WHEATSTONE’S ELECTRO-MAGNETIC CLOCK.

In this ingenious invention, the object of Professor Wheatstone was to enable a simple clock to indicate exactly the same time in as many different places, distant from each other, as may be required. A standard clock in an observatory, for example, would thus keep in order another clock in each apartment, and that too with such accuracy, that all of them, however numerous, will beat dead seconds audibly with as great precision as the standard astronomical time-piece with which they are connected. But, besides this, the subordinate time-pieces thus regulated require none of the mechanism for maintaining or regulating the power.
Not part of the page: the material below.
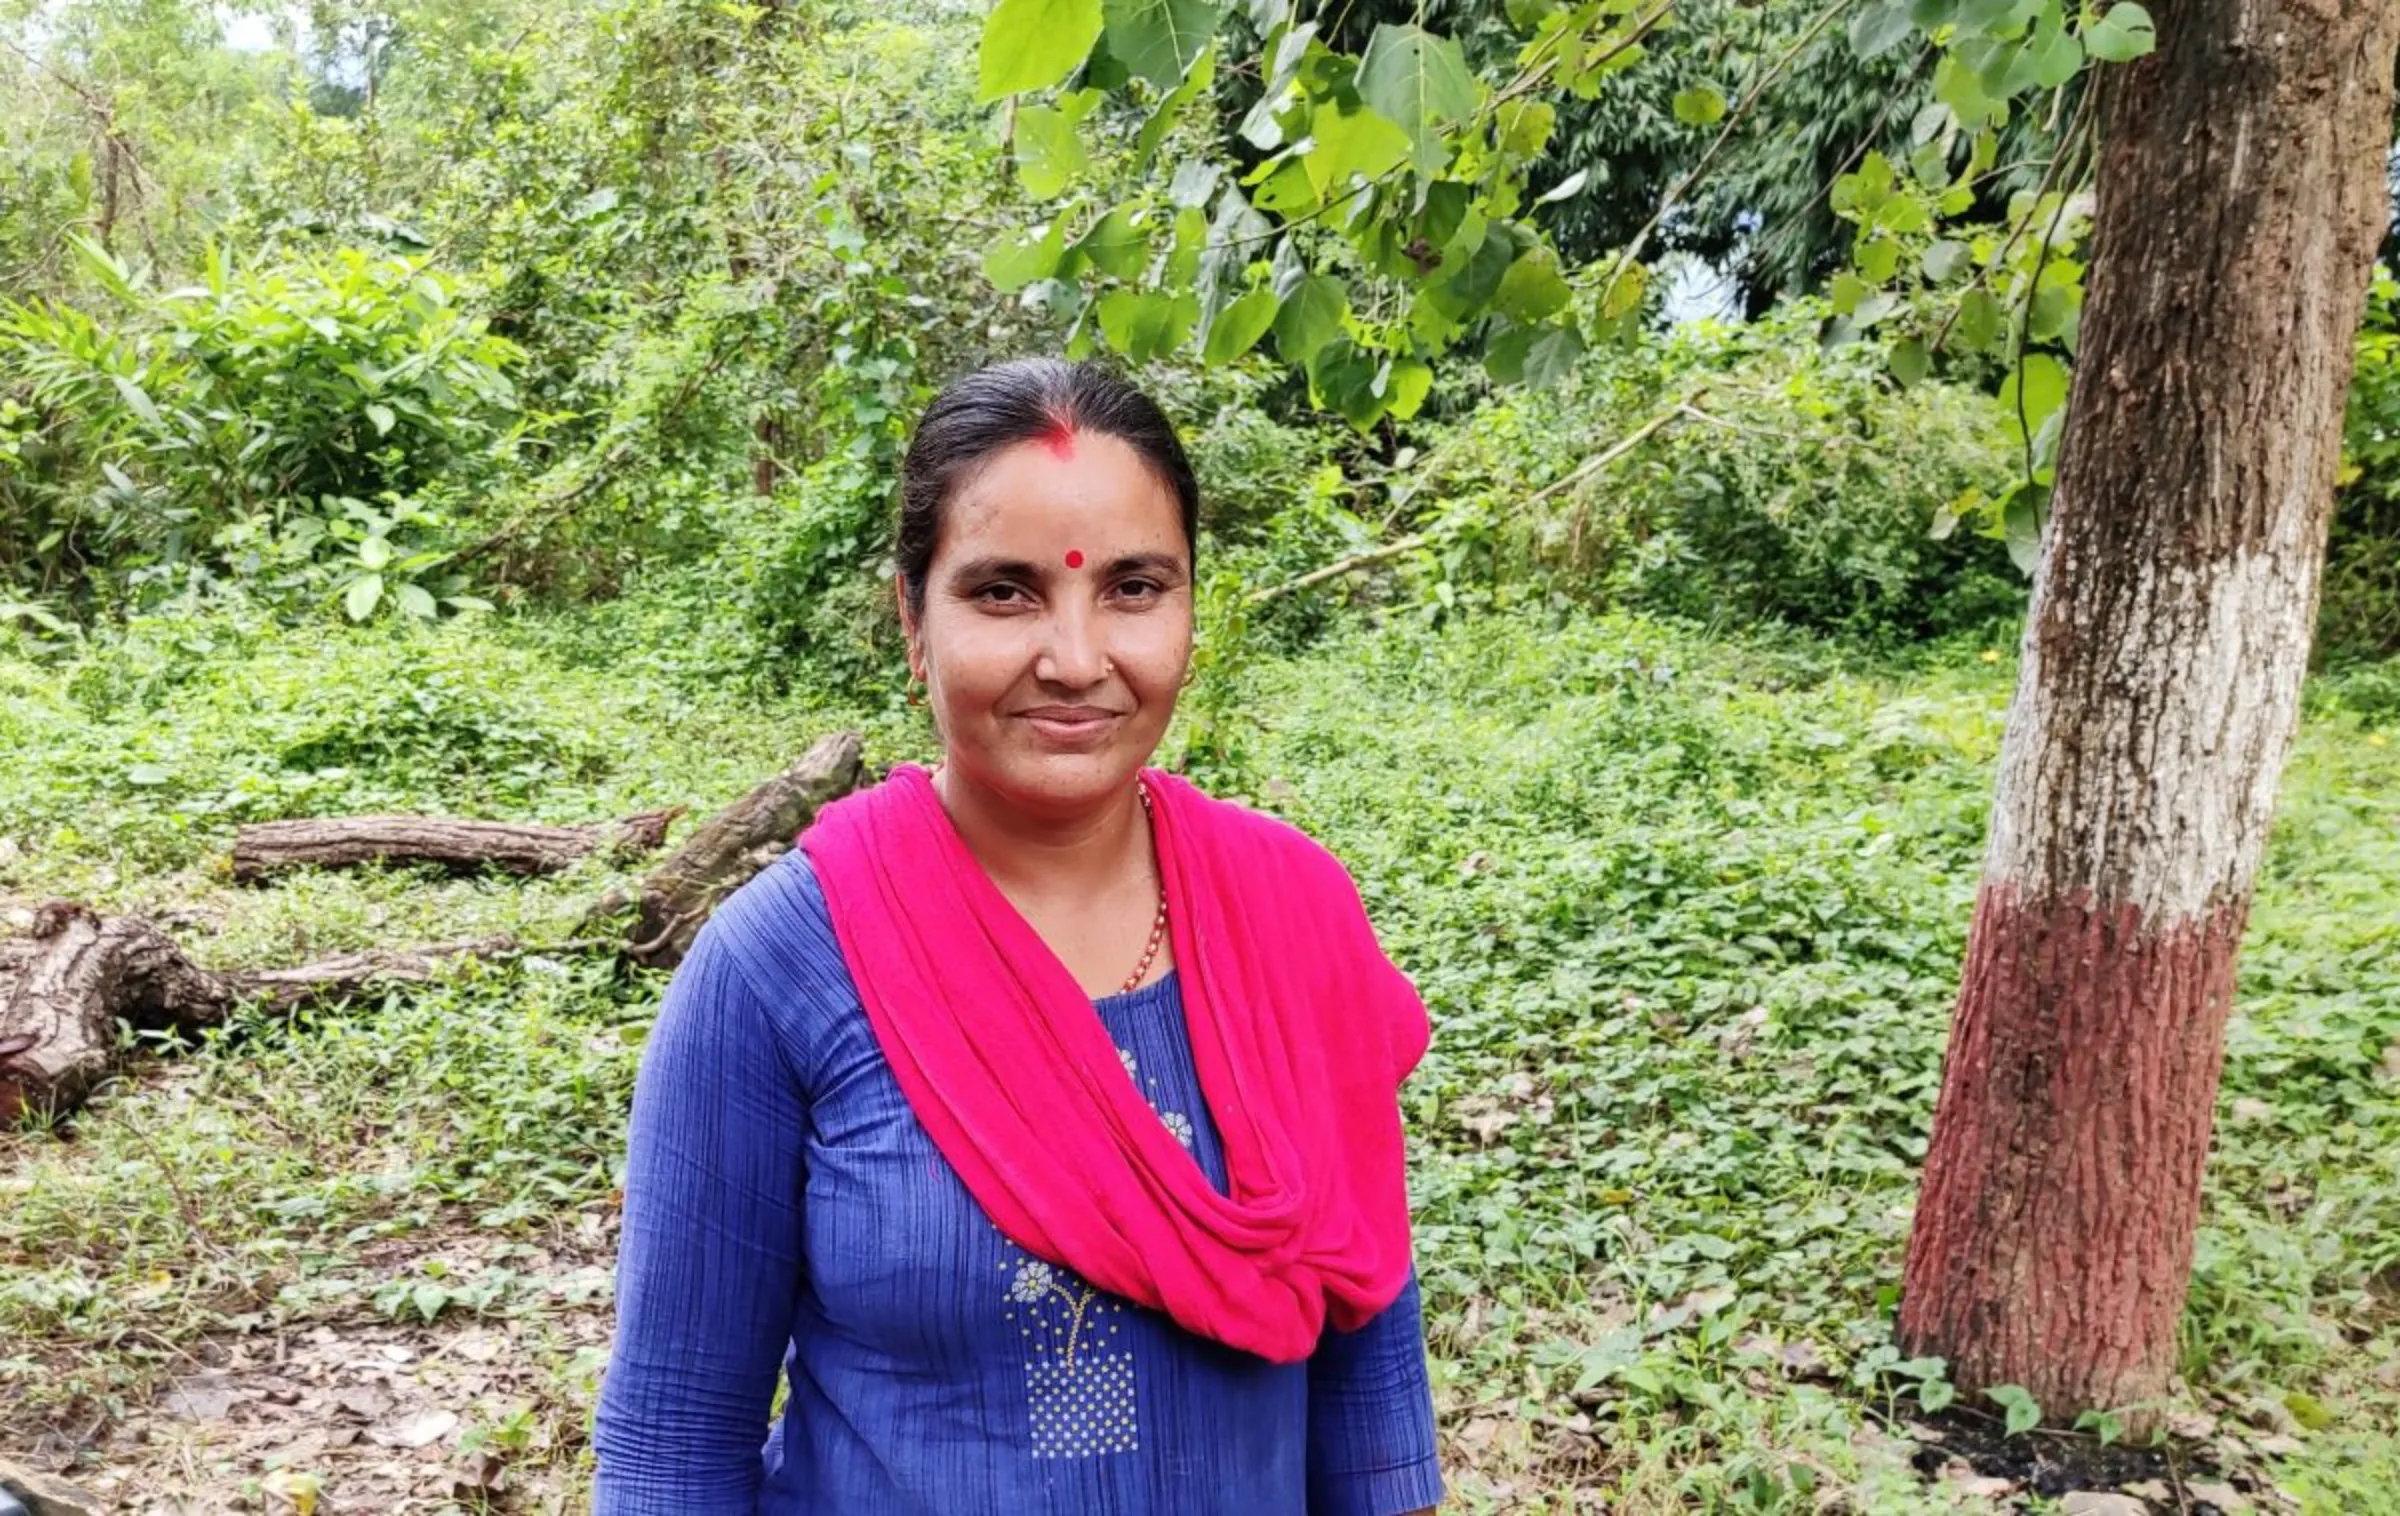 Manakumari Khatri poses for a photo in the Chisapani community forest in Nawalparasi, Nepal. September 29, 2020

They consist simply of a face, with its second, minute, and hour hands, and a train of wheels which communicate motion from the action of the second-hand to that of the hour-hand, in the same manner as an ordinary clock-train. Nor is this invention confined to observatories and large establishments. The great horologe of St. Paul’s might, by a suitable network of wires, or even by the existing metallic pipes of the metropolis, be made to command and regulate all the other steeple-clocks in the city, and even every clock within the precincts of its metallic bounds. As railways and telegraphs extend from London nearly to the remotest cities and villages, the sensation of time may be transmitted along with the elements of language; and the great cerebellum of the metropolis may thus constrain by its sympathies, and regulate by its power, the whole nervous system of the empire.